Isso implica a pergunta sobre o contemporâneo e a subjetividade aí em causa, passando pela modernidade que a privatiza cada vez mais e a atualidade que esgarça sua crise. Vão-se desenhando as variáveis múltiplas da função de filiação em jogo na relação entre o sujeito e seus objetos basais. A questão vai insistindo: e o sujeito aí, imerso e autor nesse caldo? Sua posição? Essas variantes irão ecoar no próprio trabalho de escuta e convidar a psicanálise a refletir e a clínica a operar – para aquém ou além das diferenças individuais – em diversos ritmo, estilo e técnica.

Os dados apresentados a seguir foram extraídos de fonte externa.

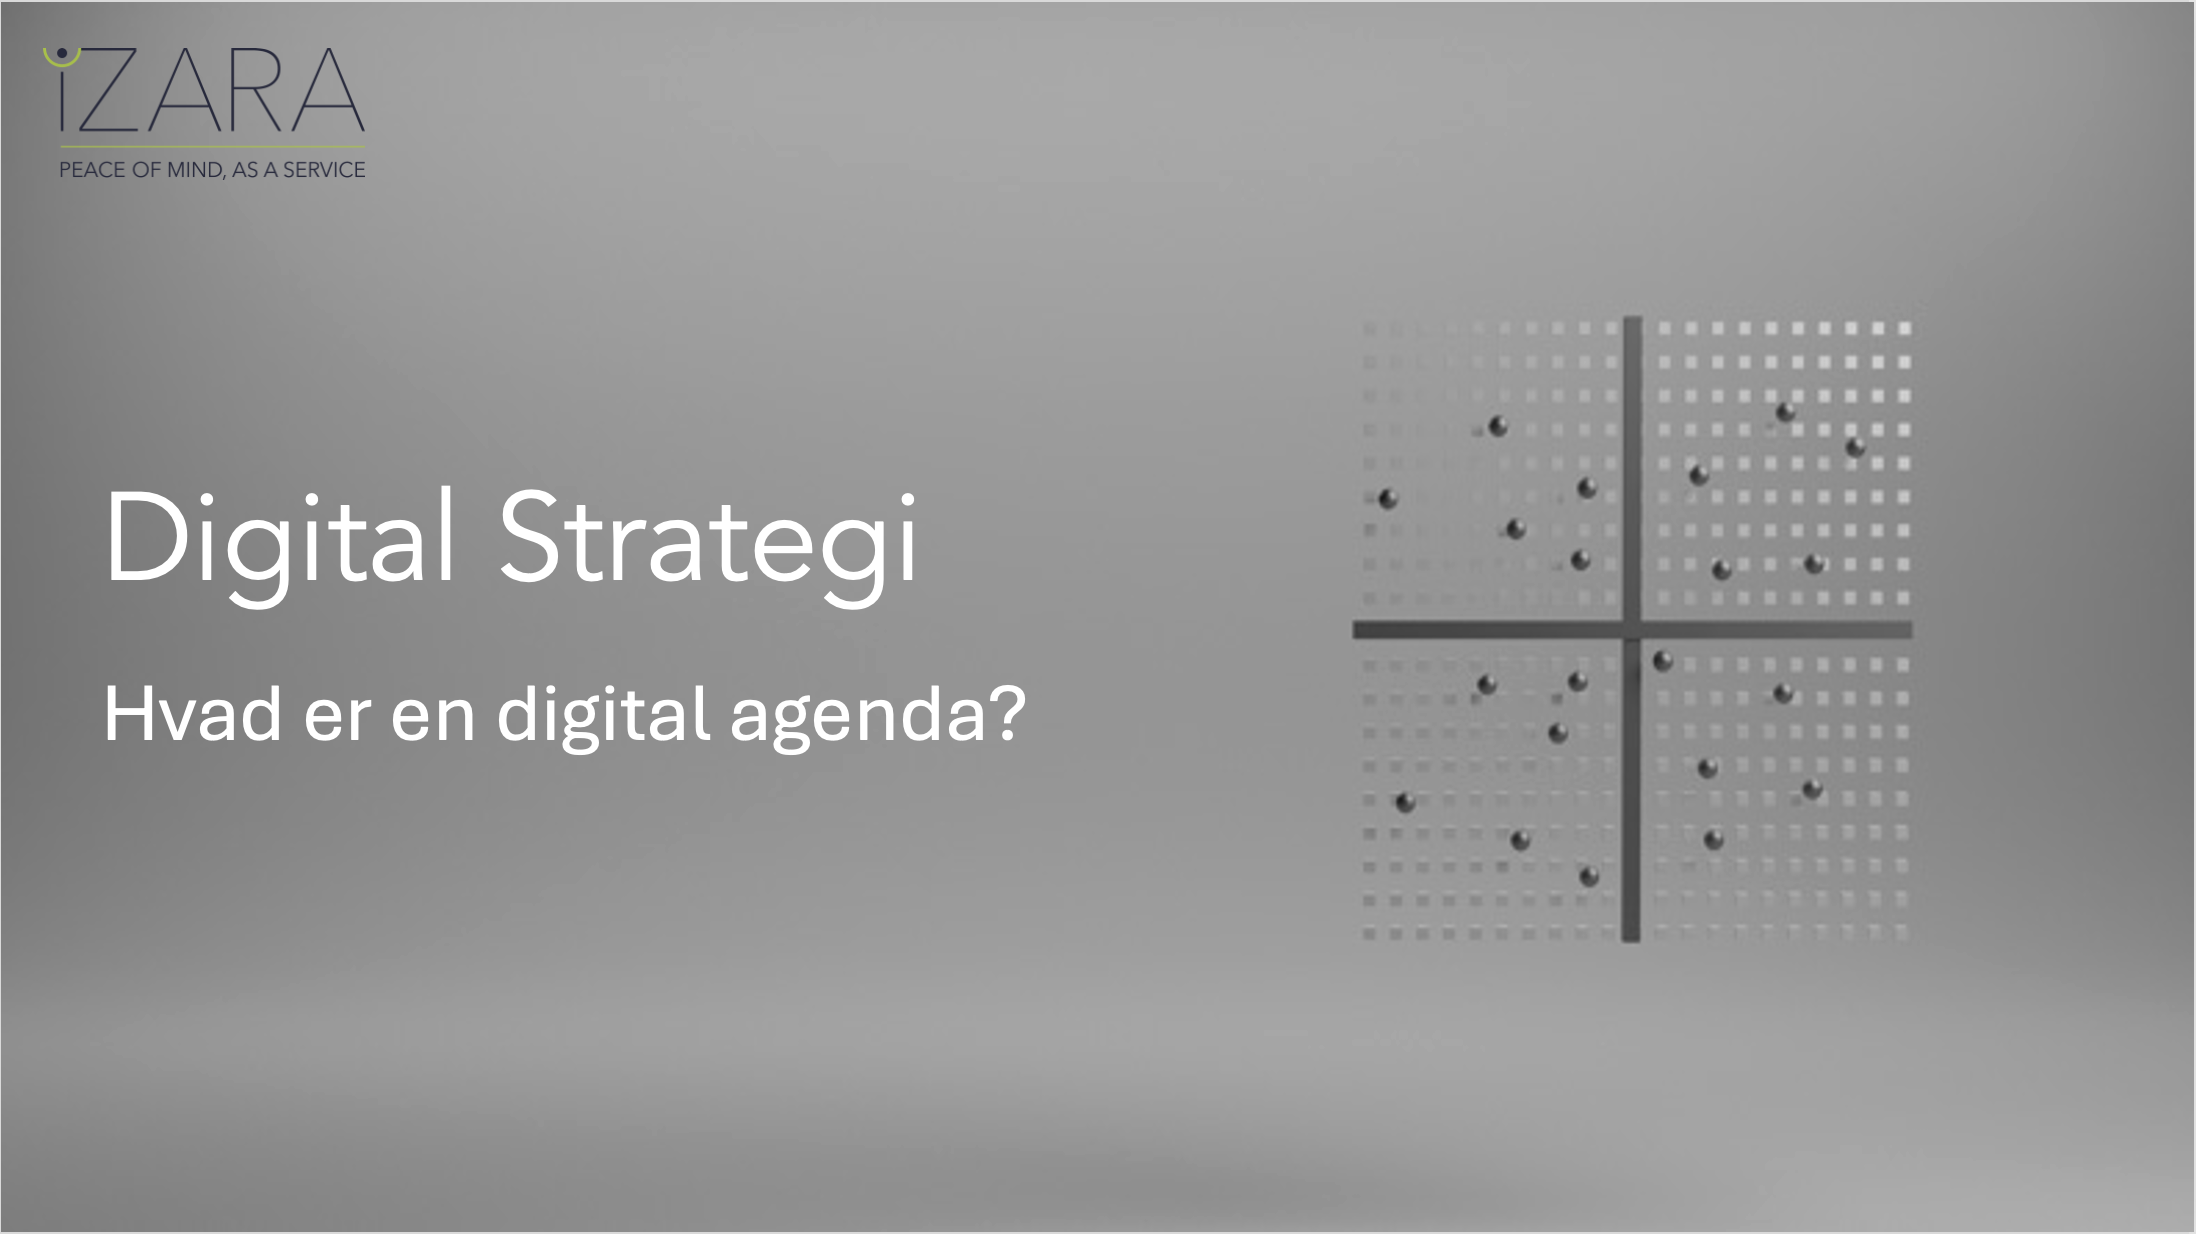 Hvad er en digital agenda?

Ao longo de milênios de aculturação, como aponta Norbert Elias, o humano vem perfazendo um inexorável movimento de individualização em seu processo civilizatório. Ficamos cada vez mais indivíduos, como nossos quartos, banheiros, telefones, telas e gozos individuais. O clã parece se dissolver para dar lugar às milhares de partículas humanas que aprendem a se comunicar virtual e globalmente, cada uma buscando seu modo próprio de viver e estabelecer o bem, o belo e o verdadeiro aparentemente por si. Ao mesmo tempo que, paradoxo, a massificação grassa. Um bilhão de pensantes pode assistir simultaneamente ao mesmo filme ou jogo de futebol, à mesma sequência de cem minutos de luz, som e movimento, que carrega consigo uma forma de compreender o mundo, naturalizando-a.
Isto é, ao aumento da individualização parece se entremear a difusão da forma de philia: quanto mais individuais, mais numerosos e simultaneamente mais fluidos os elos. Ao hiperindivíduo fetichizado contemporâneo se conecta a multifiliação imagética e superficializada. Pois me conectar a tudo e todos não poderia deixar de cobrar seu preço: tudo passa a ser recoberto pelos véus infinitos da imagem, no amor à superfície pretensamente lisa desse tecido. A lógica cínica se instaura, numa tentativa de sustentação daquilo que se sabe de antemão esvaziado mas frente ao qual os imperativos de prazer, performance e quantidade buscarão fazer eco e inércia. Porta aberta para a lógica perversa que, se é que não vigorará como norma, ao menos ganha algum vigor.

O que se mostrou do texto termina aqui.